● **WHAT TO PRODUCE**:
Print the listing exactly as it stands, and skip any pictures in it.

● **SOURCE MATERIAL**:
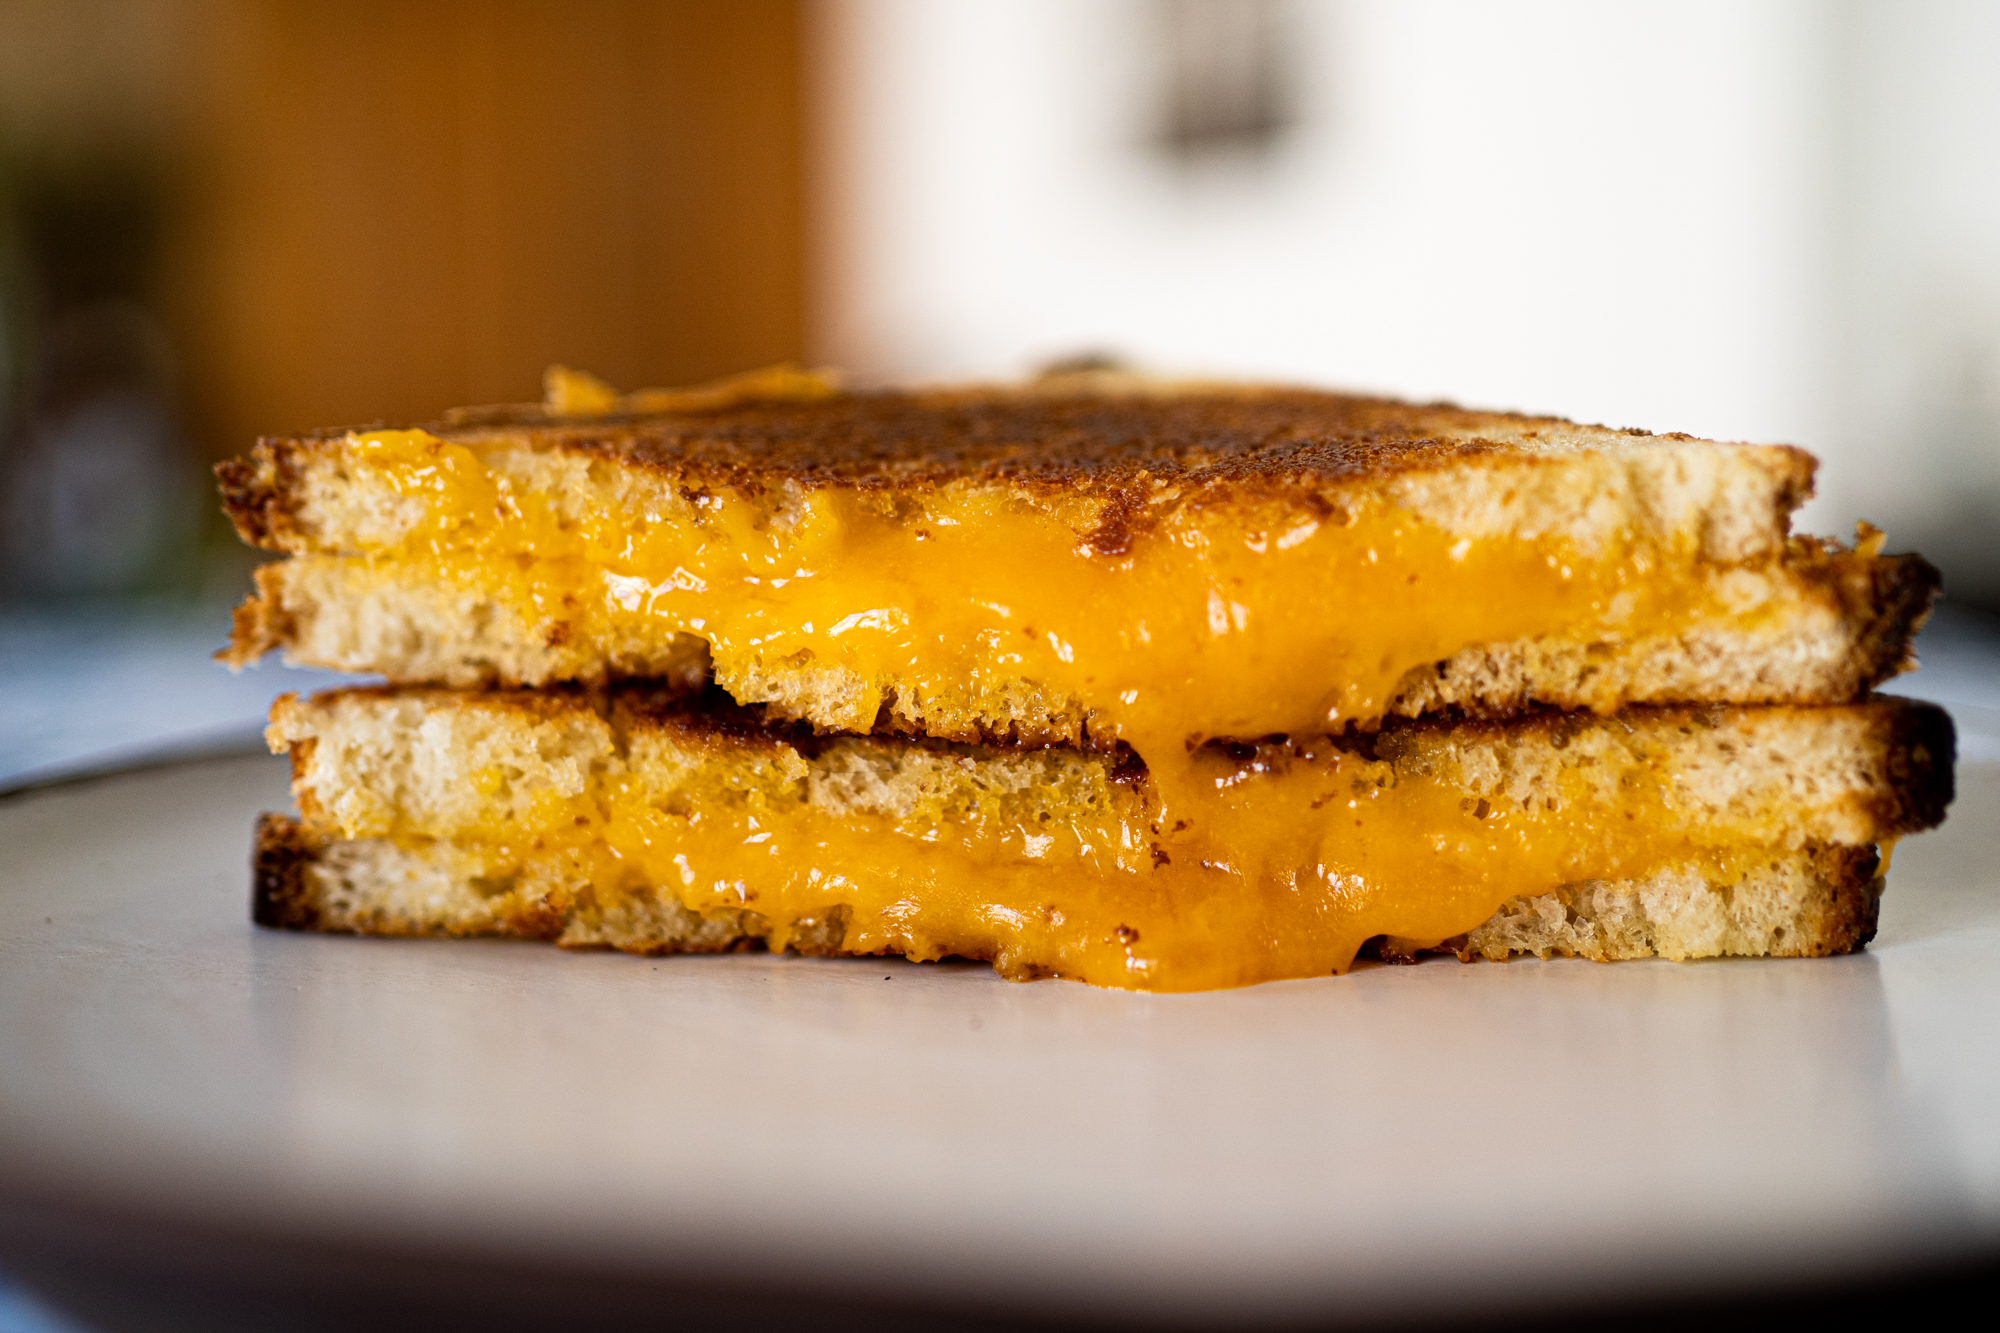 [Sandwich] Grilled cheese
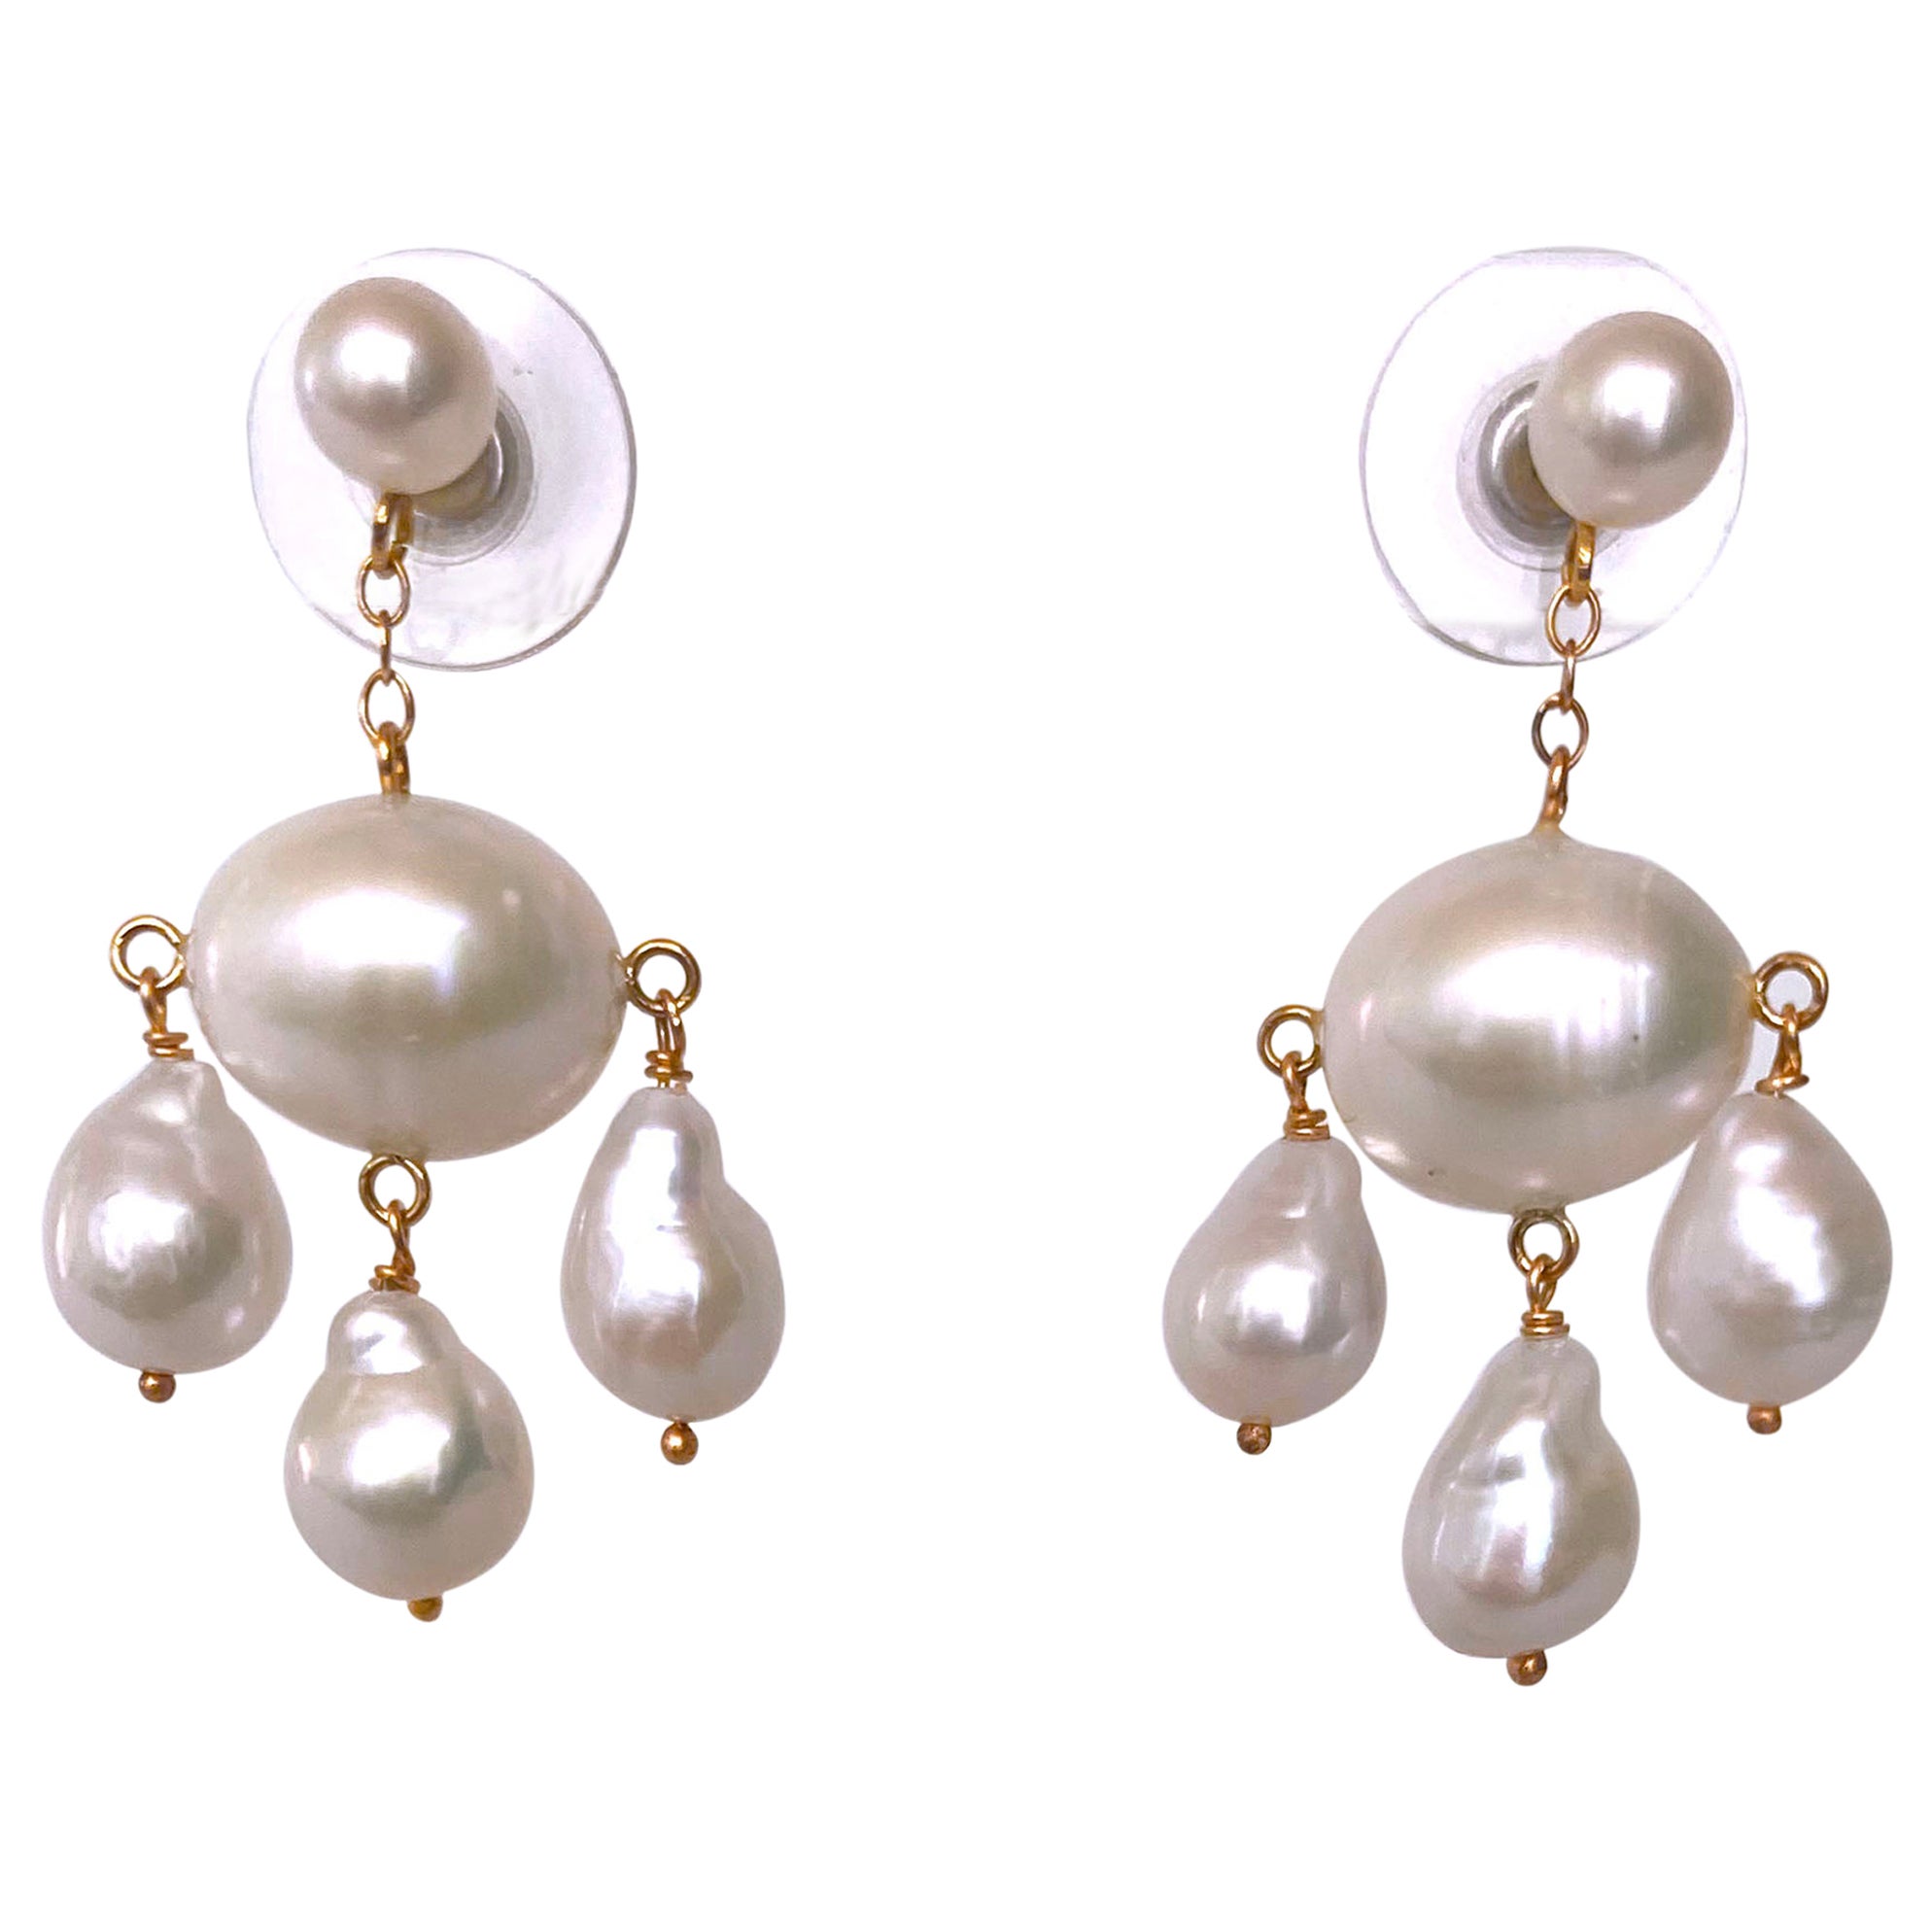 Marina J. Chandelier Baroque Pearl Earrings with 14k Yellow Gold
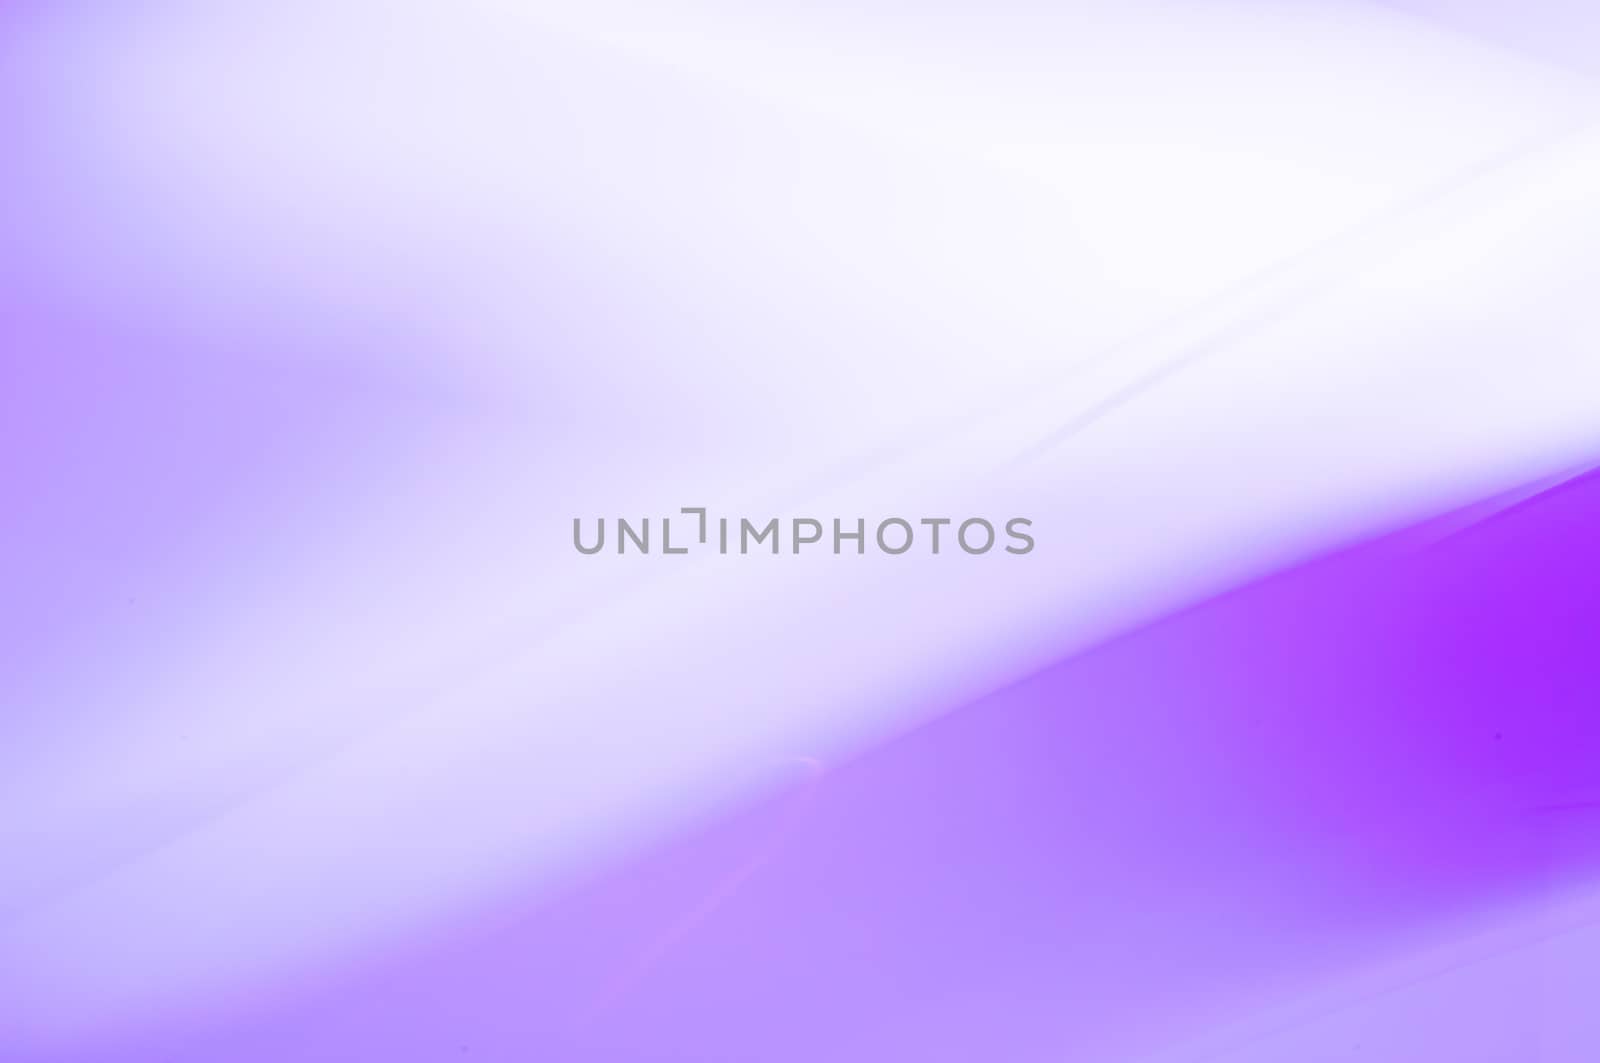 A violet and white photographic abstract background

● **RESULT FOR THIS EXERCISE**:
 [Sandwich] Grilled cheese
 Marina J. Chandelier Baroque Pearl Earrings with 14k Yellow Gold
 A violet and white photographic abstract background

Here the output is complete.